Normal and pathological dynamics of platelets in humans

We develop a comprehensive mathematical model of platelet, megakaryocyte, and thrombopoietin dynamics in humans. We show that there is a single stationary solution that can undergo a Hopf bifurcation, and use this information to investigate both normal and pathological platelet production, specifically cyclic thrombocytopenia. Carefully estimating model parameters from laboratory and clinical data, we then argue that a subset of parameters are involved in the genesis of cyclic thrombocytopenia based on clinical information. We provide excellent model fits to the existing data for both platelet counts and thrombopoietin levels by changing six parameters that have physiological correlates. Our results indicate that the primary change in cyclic thrombocytopenia is a major interference with or destruction of the thrombopoietin receptor with secondary changes in other processes, including immune-mediated destruction of platelets and megakaryocyte deficiency and failure in platelet production. This study makes a major contribution to the understanding of the origin of cyclic thrombopoietin as well as significantly extending the modeling of thrombopoiesis.

💡 Research Summary

This paper presents a comprehensive mathematical framework for the regulation of human platelet production, incorporating the dynamics of megakaryocytes, circulating platelets, and the thrombopoietin (TPO) feedback loop. The authors construct an age‑structured partial differential equation model for megakaryocyte development, separating the mitotic phase (cell division) from the endomitosis phase (nuclear replication without cytokinesis). Both phases are driven by TPO‑dependent proliferation rates modeled as Hill functions, allowing a basal proliferation rate in the absence of TPO and a saturating maximal rate at high TPO concentrations.

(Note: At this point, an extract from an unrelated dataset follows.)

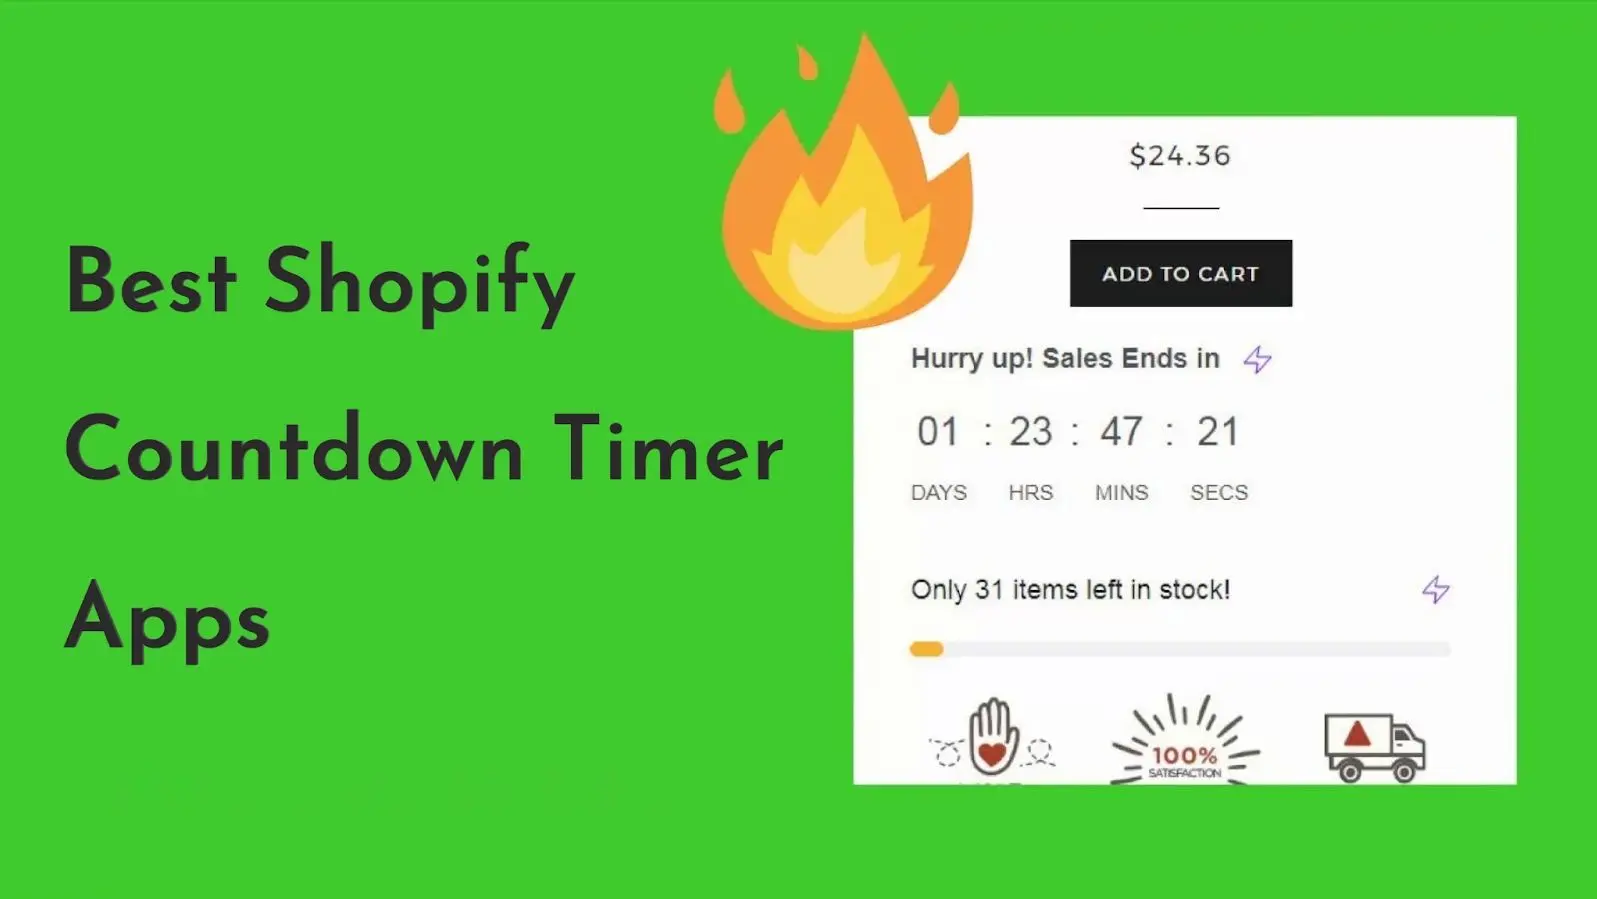 Add a Scarcity Cart Countdown Timer to your Shopify Store

Platelet dynamics are described by a delay differential equation that accounts for platelet release from mature megakaryocytes after a fixed maturation delay, random platelet clearance, and a platelet‑dependent removal term representing macrophage‑mediated destruction. TPO is produced constitutively by the liver, degrades randomly, and is cleared through binding to receptors on both platelets and megakaryocytes; this receptor‑mediated clearance creates a negative feedback loop whereby low platelet counts raise circulating TPO levels.

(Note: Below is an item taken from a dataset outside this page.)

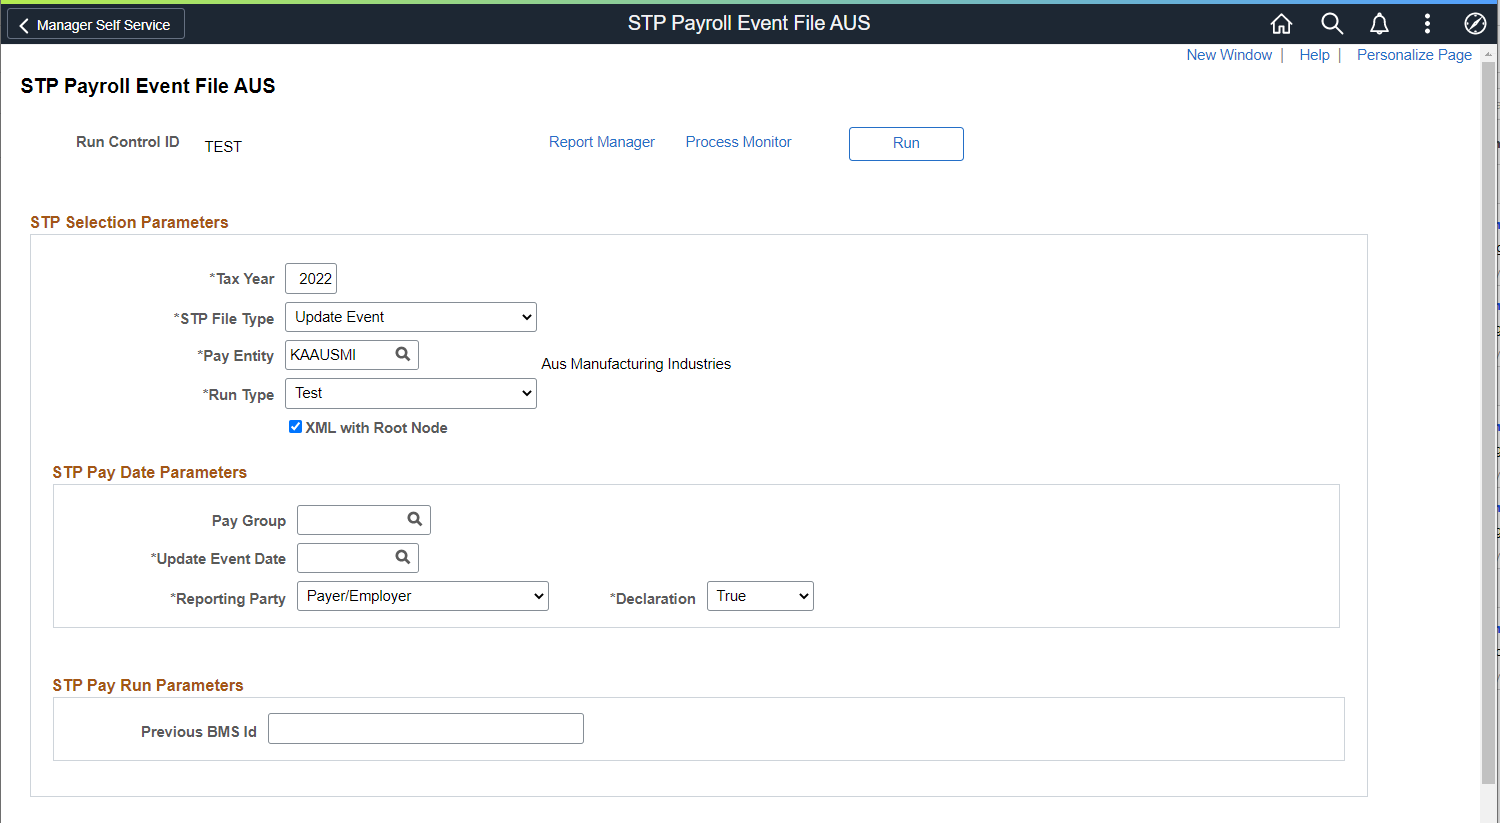 STP Payroll Event File AUS page (1 of 2)

Mathematical analysis demonstrates that the system possesses a unique positive equilibrium for any biologically realistic parameter set. Linearization around this equilibrium yields a characteristic equation whose roots determine stability. By varying key parameters, the authors identify a Hopf bifurcation: a critical set of parameter values at which a pair of complex conjugate eigenvalues cross the imaginary axis, giving rise to sustained oscillations. Sensitivity analysis highlights six parameters with the greatest impact on system stability: the maximal megakaryocyte proliferation rates (mitosis and endomitosis), the platelet‑dependent clearance rate, the random platelet degradation rate, the TPO production rate, and, most importantly, the rate of TPO‑receptor loss (κ_T).

To validate the model, the authors fit it to clinical time‑series data from healthy volunteers and from three patients with cyclic thrombocytopenia (CT). Parameter estimation for the healthy cohort uses literature values and Bayesian inference, achieving excellent agreement with observed platelet counts (≈150–300 × 10⁹ L⁻¹) and TPO concentrations (≈50–150 pg mL⁻¹). For CT patients, the model reproduces the characteristic 30‑day oscillations in platelet counts (ranging from 1 × 10⁹ to 2 000 × 10⁹ L⁻¹) and the accompanying TPO fluctuations by increasing κ_T roughly five‑fold, modestly reducing the maximal megakaryocyte proliferation rates, and elevating the platelet‑dependent clearance term. No additional structural changes to the model are required; the same set of six altered parameters suffices to capture the pathological dynamics across all three patients.

The results support a mechanistic hypothesis in which primary interference with or destruction of the TPO receptor leads to elevated circulating TPO, which in turn suppresses megakaryocyte maturation and platelet production while simultaneously exposing platelets to heightened immune‑mediated destruction. Secondary effects—such as modest megakaryocyte deficiency and increased platelet clearance—amplify the oscillatory behavior but are not the root cause. The identification of a Hopf bifurcation provides a theoretical explanation for why relatively small perturbations in receptor function can shift the hematopoietic system from a stable steady state to a limit‑cycle regime, offering a quantitative basis for therapeutic strategies aimed at restoring receptor function or dampening immune‑mediated platelet loss.

In conclusion, this study delivers a biologically grounded, mathematically rigorous model that unifies normal platelet homeostasis and the pathology of cyclic thrombocytopenia within a single dynamical system. By linking specific physiological parameters to the emergence of oscillations via a Hopf bifurcation, it opens avenues for patient‑specific parameter inference and for the rational design of interventions targeting the TPO‑receptor axis. Future work may extend the framework to incorporate stochastic fluctuations, multi‑lineage interactions, or drug pharmacodynamics, thereby enhancing its clinical applicability in the management of platelet‑related disorders.